Thanks for the answers.

With 1 I wasn't clear. I didn't mean the cause of this bug is a race condition. I mean that every use of path.exists() followed by another disk operation that depends on the (non)existence of the path is a race condition in general, because the path could be created or deleted after exists() but before the operation that follows it. For some software that may even be a security issue. Here that's unlikely, but still eliminating of exists() and checking errors from rename() will make it atomic and faster, since it avoids the extra disk access.

kornelski avatar Jun 04 '19 21:06 kornelski

Oh sure; uhm yes - TOCTTOU bugs are rife :). I've been focusing on install performance, not uninstall (and thus not update) so far - the syscall traces from that were quite tragic :).

rbtcollins avatar Jun 05 '19 04:06 rbtcollins

I think https://github.com/rust-lang/rustup/issues/1167 and https://github.com/rust-lang/rustup/issues/836 can be closed as duplicates of this issue (this one has the most detail)

I have admin rights so I could take care of this myself, but I'm not a regular maintainer here so I don't want to step on anyone's toes :) <3

carols10cents avatar Dec 23 '19 15:12 carols10cents

any solution for this issue?

jawwadturabi avatar Apr 07 '20 19:04 jawwadturabi

No fundamental solution no. In https://github.com/rust-lang/rustup/issues/1480#issuecomment-498570921 Robert said that the workaround is to remove and then reinstall the toolchain, because removal of a toolchain is a plain recursive delete rather than a component-aware transaction.

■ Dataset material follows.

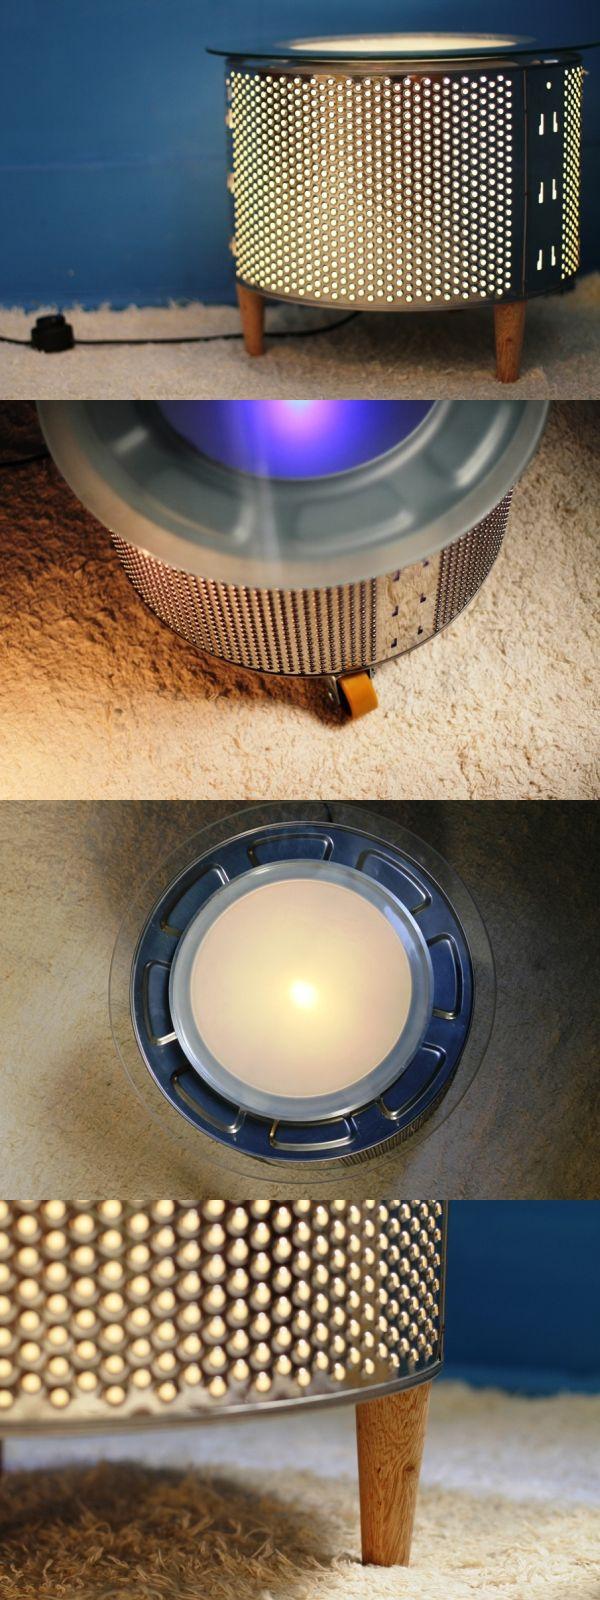 Algunas formas de reciclar el tambor de una lavadora / mesa JOUR

kinnison avatar Apr 16 '20 09:04 kinnison

Removing toolchain method from #1480 (comment) works for me

jawwadturabi avatar Apr 16 '20 19:04 jawwadturabi

Two easy, short term suggestions related to #2800 :

  • "file does not exist" instead of "directory does not exist" in the error message
  • When an update fails, we can give the user the suggestion to uninstall and reinstall. Giving the user details on how to do that, is very helpful.

Luc108 avatar Jun 21 '21 07:06 Luc108

And more details about #2800:

The file bin/cargo-clippy.exe was indeed missing. No idea how that's possible. Not done anything special or advanced. Only default install and maybe an update.

I uninstalled everything ("rustup self uninstall") and installed the same version again. This time the file was there.

Luc108 avatar Jun 21 '21 07:06 Luc108

I have same issue. I just deleted the .rustup directory, tried again and it worked :)

2giosangmitom avatar Oct 09 '23 11:10 2giosangmitom